Bulking Up the Steroid Policy

MLB is finally attempting to strengthen its steroid policy. Facing threatened legislation and grand jury testimony leaks, Bud Selig unveiled new measures today at the owners’ meeting in Scottsdale, Arizona. ESPN revealed some of the details of the stiffer penalties. The bans below are all without pay, with the previous punishment follows in parentheses:

  • 1st positive test: 10-day ban (“treatment”)
  • 2nd positive test: 30-day ban (15-day suspension or $10,000 fine)
  • 3rd positive test: 60-day ban (25-day suspension or $25,000 fine)
  • 4th positive test: 1-year ban (50-day suspension or $50,000 fine)
  • 5th positive test: Discipline determined by the commissioner (1-year suspension or $100,000)

Notably, stricter penalties for amphetamines are not part of the plan. It is widely believed that stimulants, or “greenies,” are a larger problem than steroids in baseball. The Olympic banned substance policy is stricter with this category of drugs. While I understand that the nature of the 162-game season is grueling, I am disappointed that the league did not take this opportunity to take stronger action against amphetamines. Since only the hot topic, steroids, is addressed, the policy change smacks of a public relations ploy.

Only players’ urine, not blood, will be tested. This limitation means that use of human growth hormone will go undetected, since only blood tests can reveal this substance. Again, this aspect of the policy seems to be hurriedly put together due to public pressure.

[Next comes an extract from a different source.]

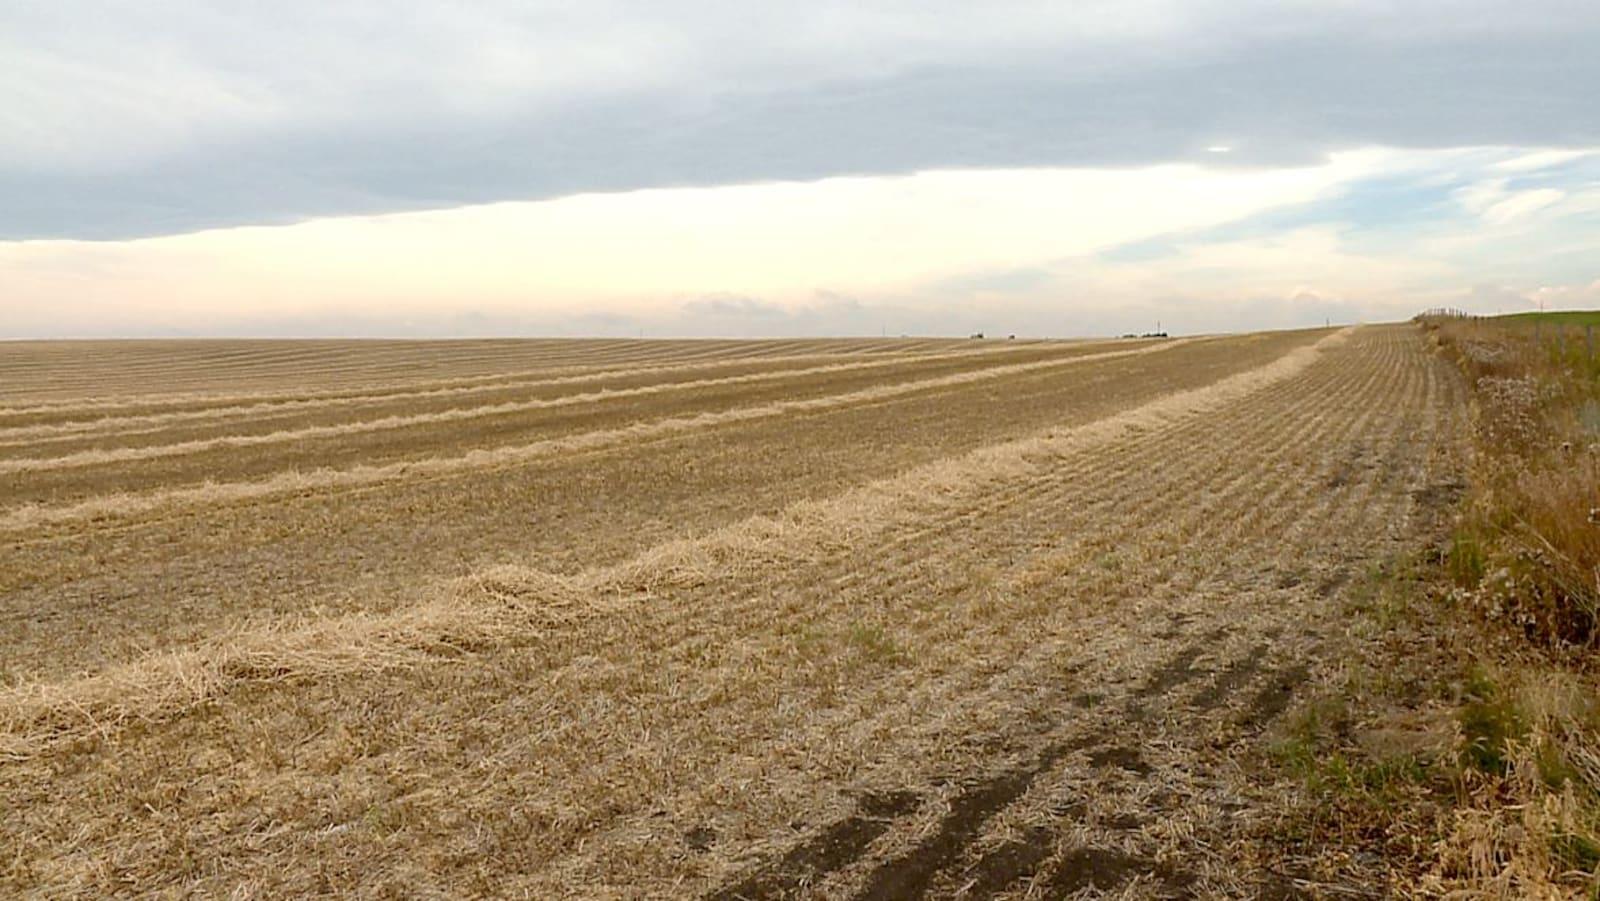 Un énorme champ qui vient d'être récolté sous un ciel nuageux.

The MLBPA still needs to vote to pass this policy. I hope that they will take what the owners have agreed to, but add some foresight to the plan. How about including provisions for testing of any future performance-enhancing substances, so that baseball does not again find itself with “tainted” records? If the parties are truly interested in cleaning up the game, these seemingly stopgap measures are a start, but an in-depth, comprehensive plan addressing amphetamines and yet-to-be-invented compounds should be considered.